[Date Prev][Date Next][Thread Prev][Thread Next][Date Index][Thread Index]
Re: [RFC PATCH 0/6] target/ppc: Improve 4xx and 440 tlbwe
From: |
Nicholas Piggin |
Subject: |
Re: [RFC PATCH 0/6] target/ppc: Improve 4xx and 440 tlbwe |
Date: |
Thu, 07 Dec 2023 14:22:06 +1000 |
On Thu Dec 7, 2023 at 11:35 AM AEST, BALATON Zoltan wrote:
> Hello,
>
> On Wed, 15 Nov 2023, BALATON Zoltan wrote:
> > On Tue, 14 Nov 2023, Nicholas Piggin wrote:
> >> Well I split out these patches and looked a bit closer and added
> >> a few more things.
> >>
> >> I think it may be a bit too much to do the optimisations for
> >> this release, because 4xx TLB flushing has some quirks too so
> >> it's not just simple implementation of 4xx scheme in 440. We
> >> could try for next time.
> >>
> >> The bug fix patch 1 maybe we should do. We haven't been able to
> >> confirm it fixes anything but there was mention of occasional
> >> random crashes.
> >
> > I did some quick testing of this series and found that patch 1 alone makes
> > it
> > slower but not known to fix any issue so I'd say don't commit just this
> > patch
> > without the rest. The current version works enoigh so we can live with that
> > until the next version. With the other patches it's faster and the last
> > patch
> > does make a difference, it makes it a bit faster. I did not record the
> > numbers and only did one measurement so it's only approximate but unless
> > you
> > plan to take the whole series now then keep patch 1 for next devel cycle as
> > well.
>
> We've done some more experiments and I've collected some numbers now. The
> test was running lame to convert a wav file to mp3 right after boot and
> then get "info jit" after it finished. The same executable runs on
> pegasos2 and sam460ex so we can compare these before and after this series
> and to pegasos2 as well. These were run on the same host machine so the
> numbers should be comparable. (This test is also hitting the slow FPU
> emulation on PPC target that's another reason it runs slowly.)
>
> On pegasos2 I get:
>
> Encoding as 44.1 kHz j-stereo MPEG-1 Layer III VBR(q=2)

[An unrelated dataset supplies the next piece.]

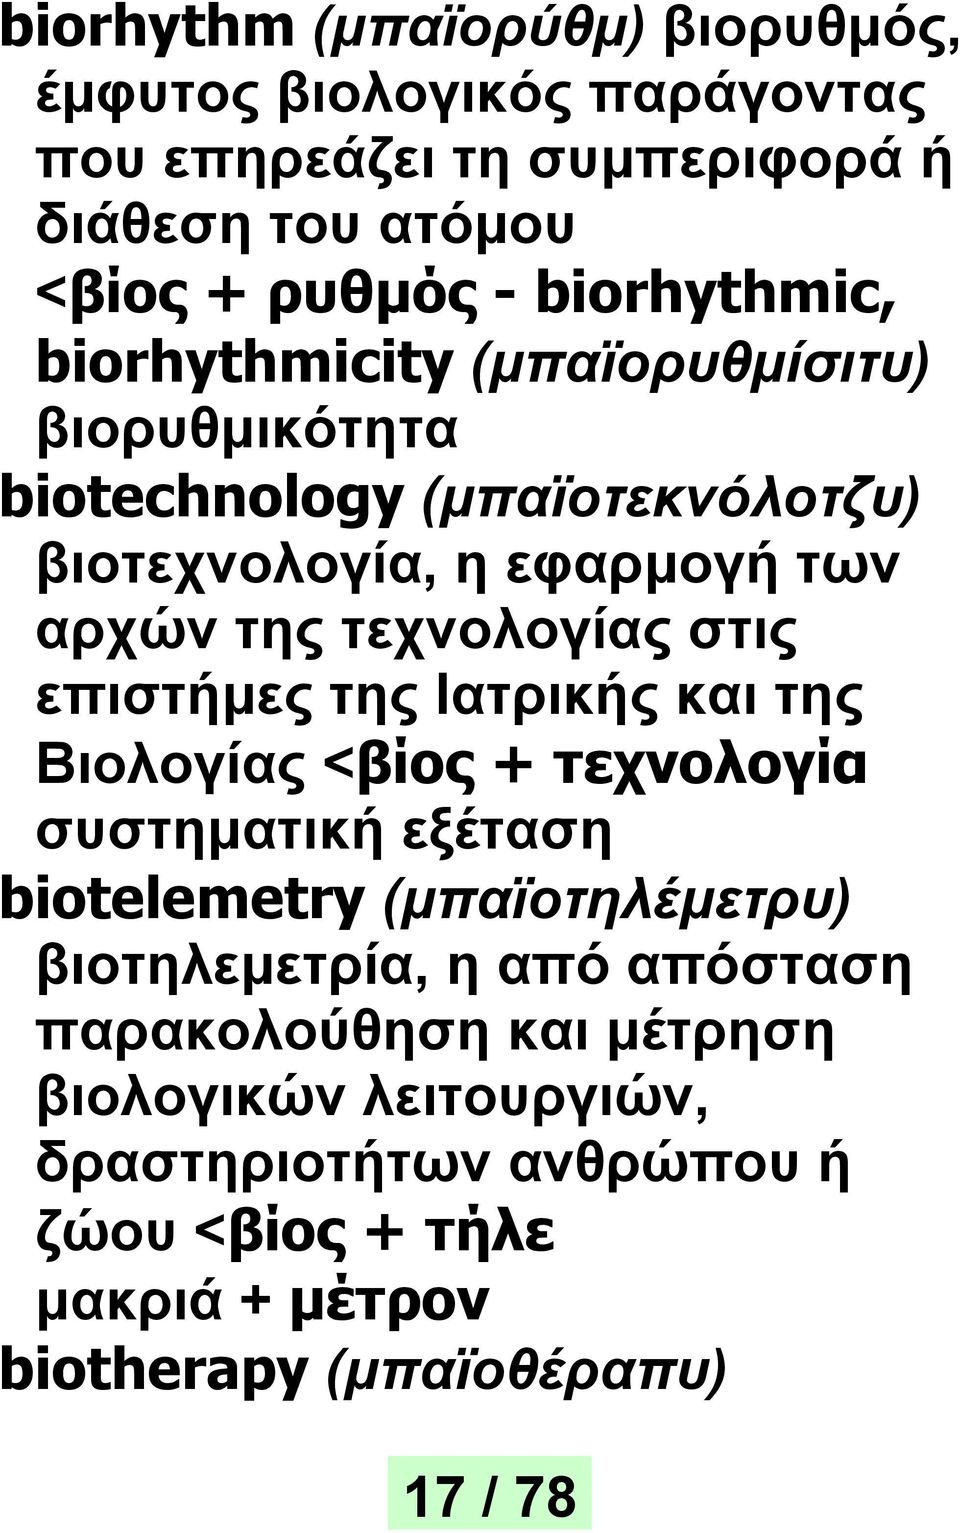 τεχνολογίας στις επιστήμες της Ιατρικής και της Βιολογίας <βίος + τεχνολογία συστηματική εξέταση biotelemetry (μπαϊοτηλέμετρυ)

> Frame | CPU time/estim | REAL time/estim | play/CPU | ETA
> 1149/1149 (100%)| 0:33/ 0:33| 0:33/ 0:33| 0.8982x| 0:00
> QEMU 8.1.92 monitor - type 'help' for more information
> Accelerator settings:
> one-insn-per-tb: off
>
> Translation buffer state:
> gen code size 29666515/1023052800
> TB count 52723
> TB avg target size 24 max=2048 bytes
> TB avg host size 325 bytes (expansion ratio: 13.4)
> cross page TB count 0 (0%)
> direct jump count 31917 (60%) (2 jumps=25829 48%)
> TB hash buckets 24452/32768 (74.62% head buckets used)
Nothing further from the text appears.